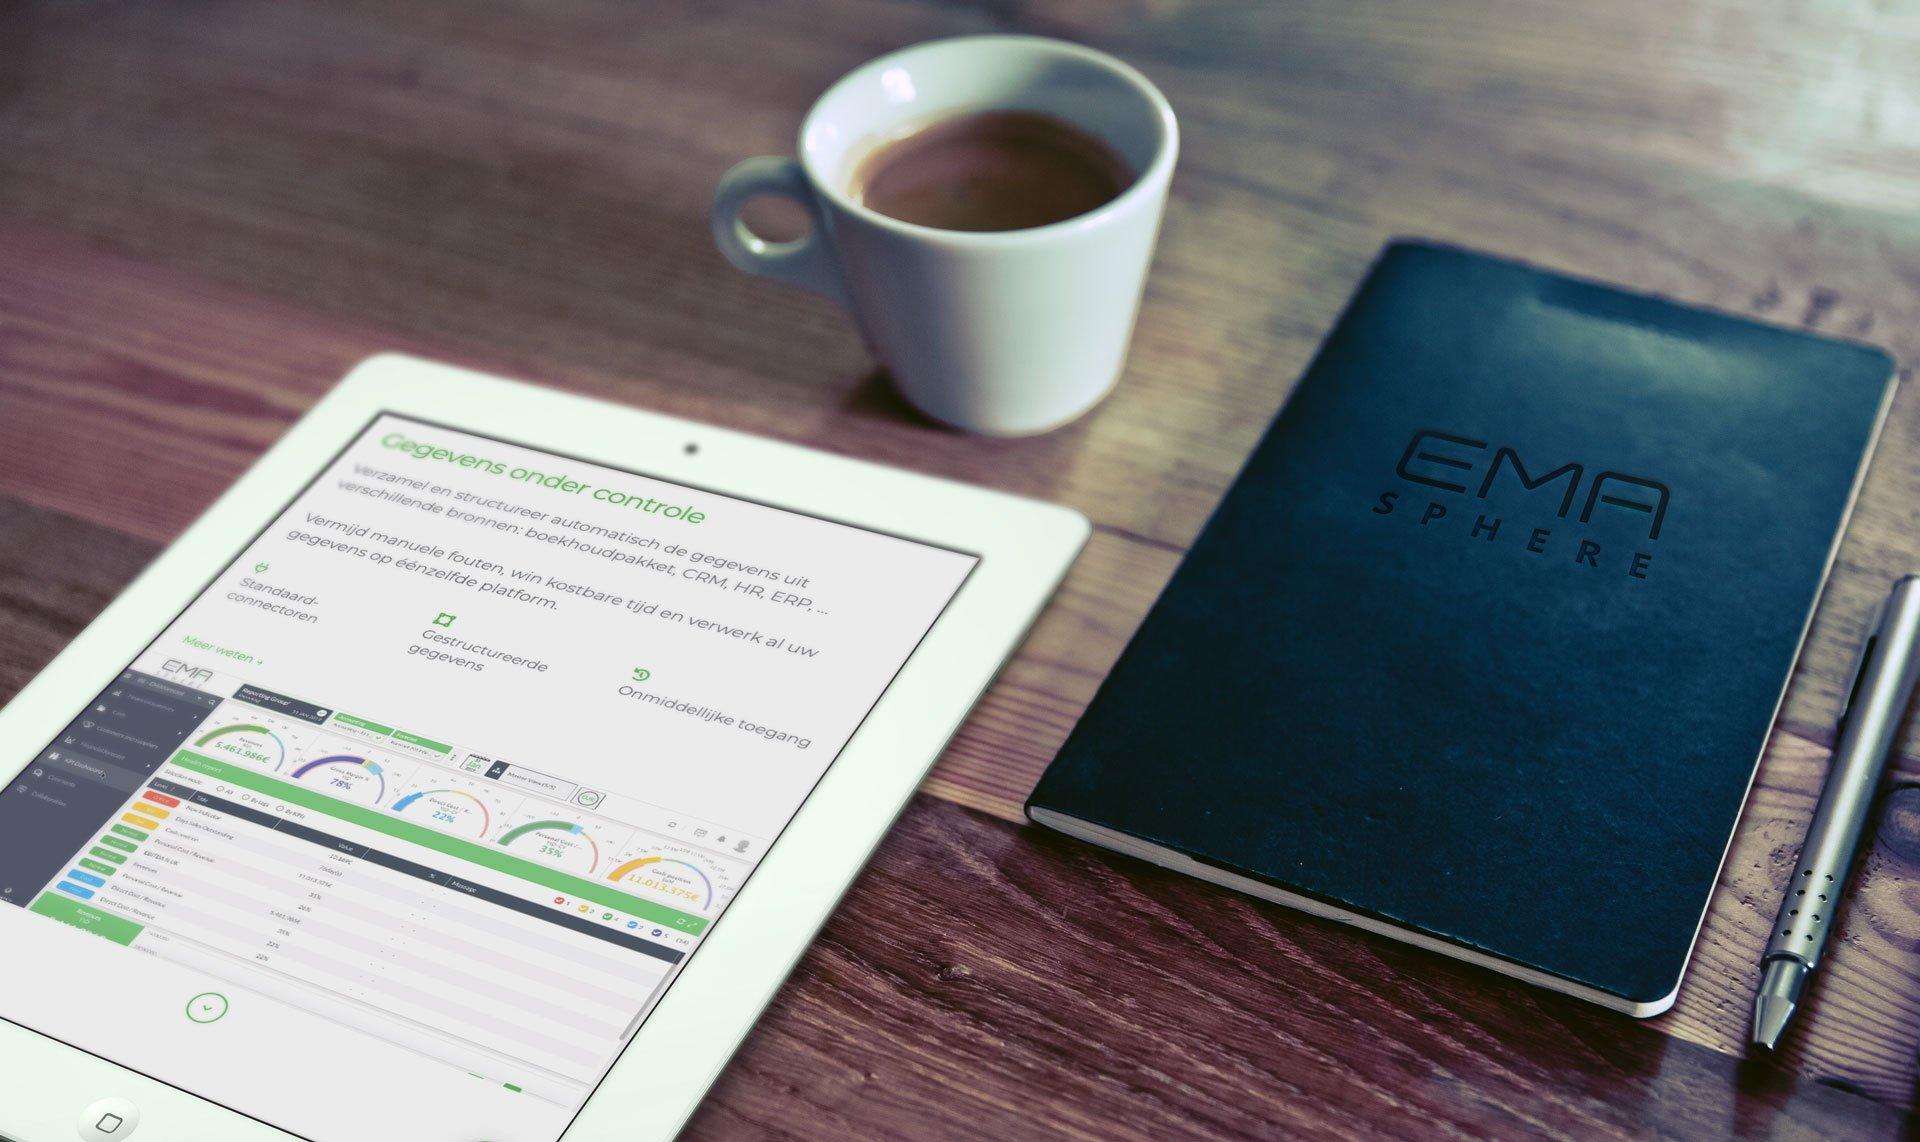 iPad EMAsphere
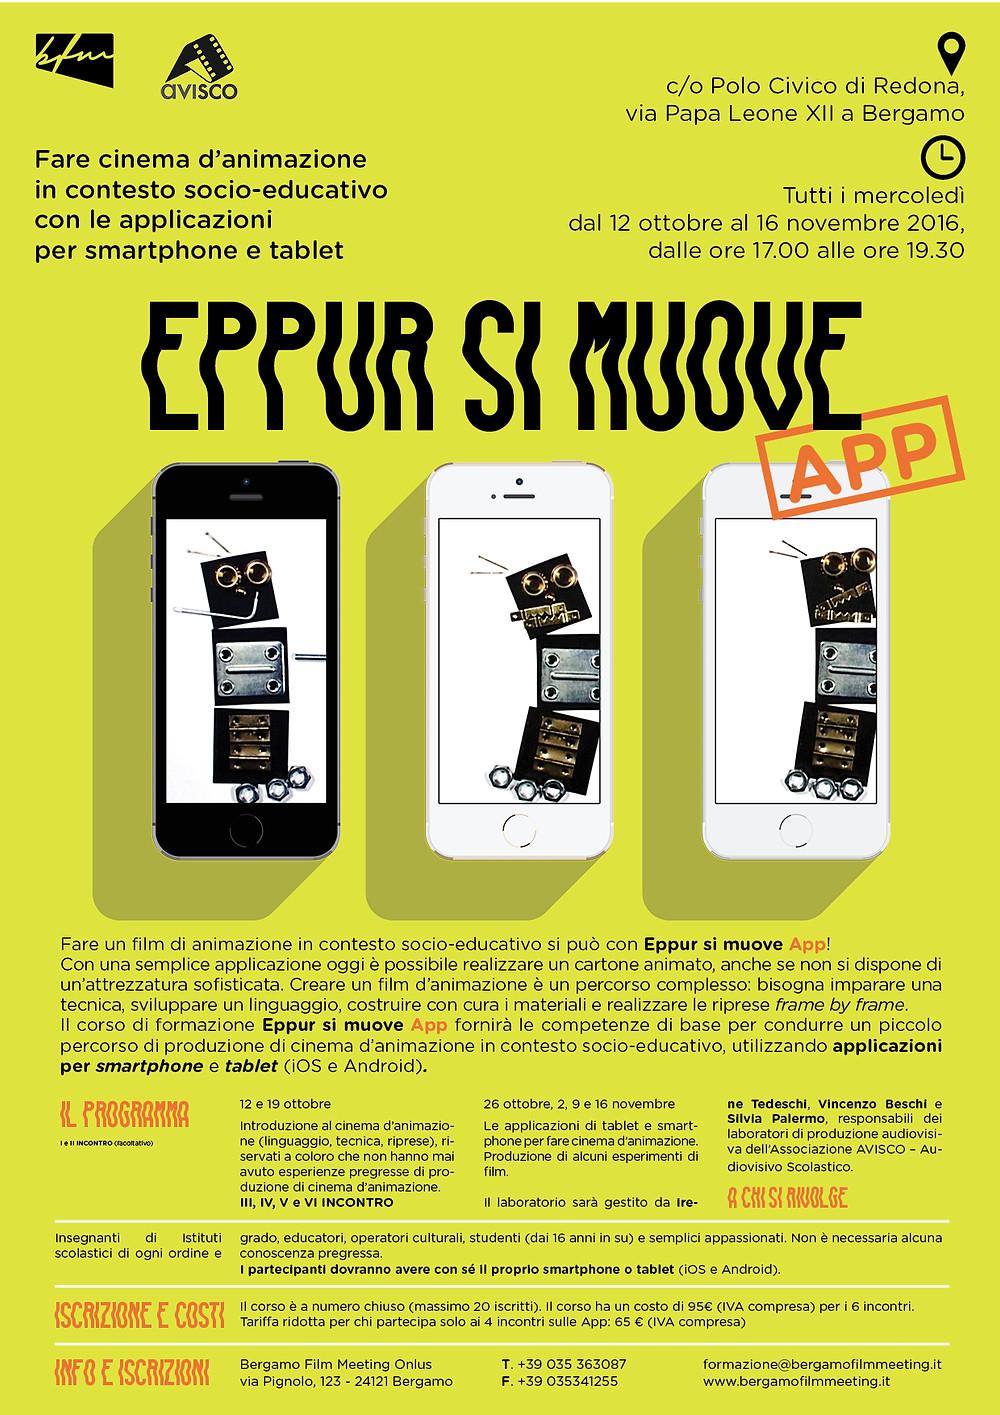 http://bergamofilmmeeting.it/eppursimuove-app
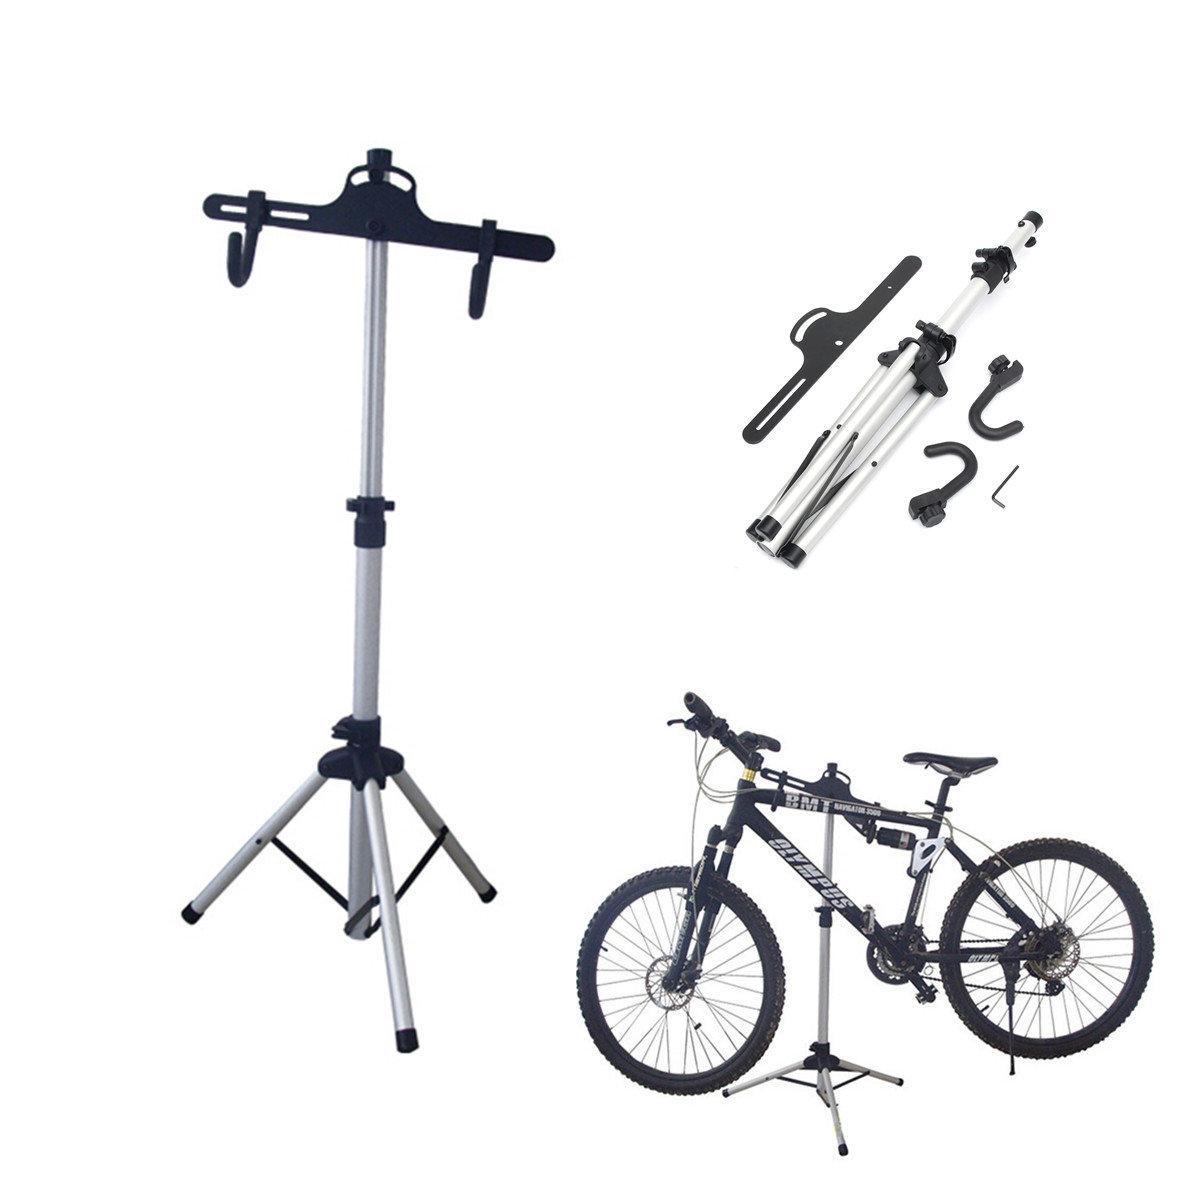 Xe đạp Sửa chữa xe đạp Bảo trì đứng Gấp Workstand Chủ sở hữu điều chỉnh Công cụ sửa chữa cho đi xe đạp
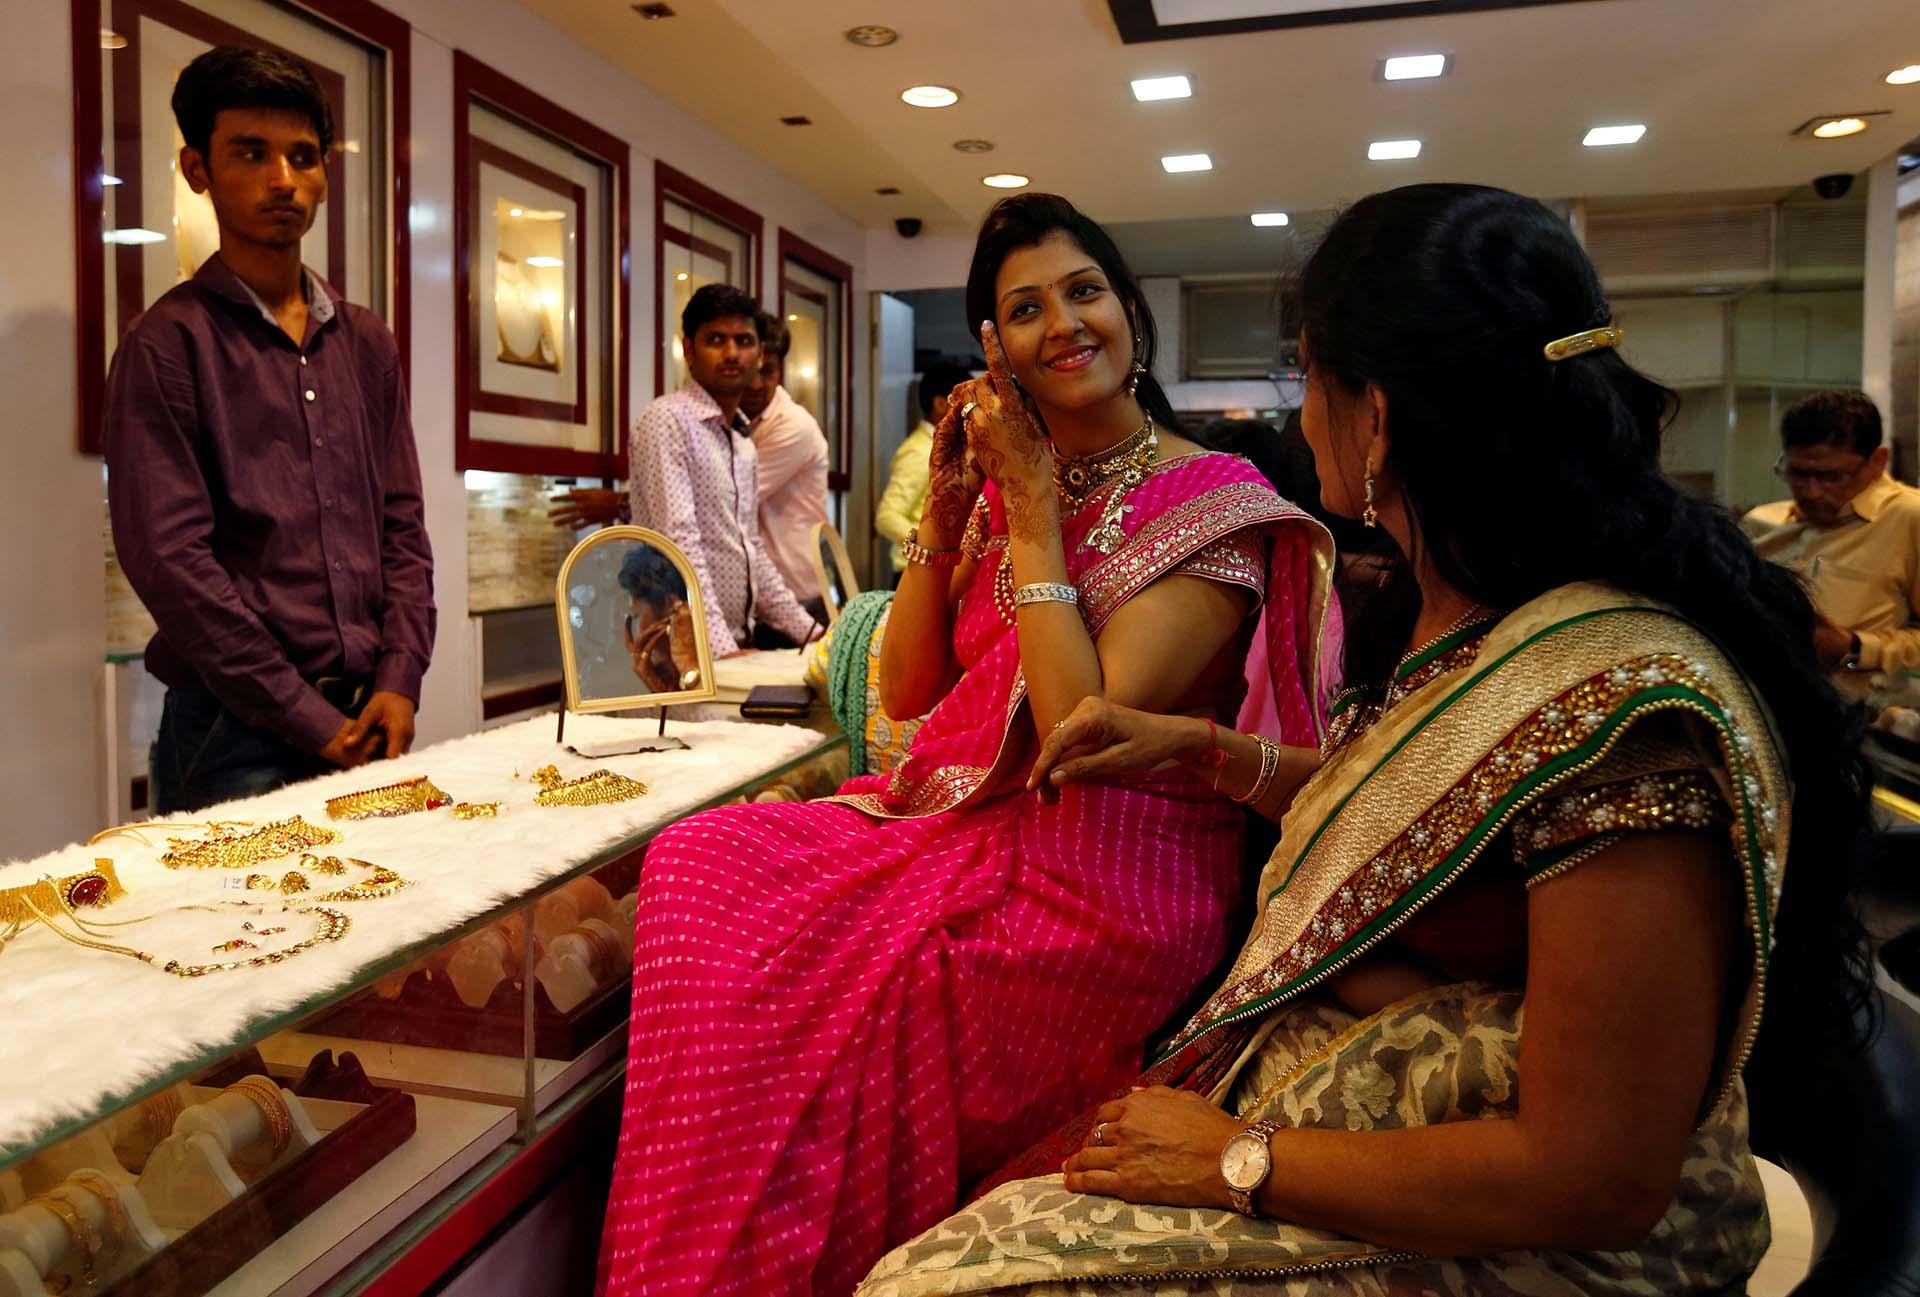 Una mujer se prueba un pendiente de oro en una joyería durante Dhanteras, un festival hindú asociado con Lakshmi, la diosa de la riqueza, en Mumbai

┄┄┄┄┄┄┄┄┄┄

PROBLEM REQUIREMENTS: Starting with the line that contains "Xe đạp Sửa chữa", repeat each line exactly through the last line of the data above, and nothing more; the pictures stay out.

TASK RESULT:
 Xe đạp Sửa chữa xe đạp Bảo trì đứng Gấp Workstand Chủ sở hữu điều chỉnh Công cụ sửa chữa cho đi xe đạp
 Una mujer se prueba un pendiente de oro en una joyería durante Dhanteras, un festival hindú asociado con Lakshmi, la diosa de la riqueza, en Mumbai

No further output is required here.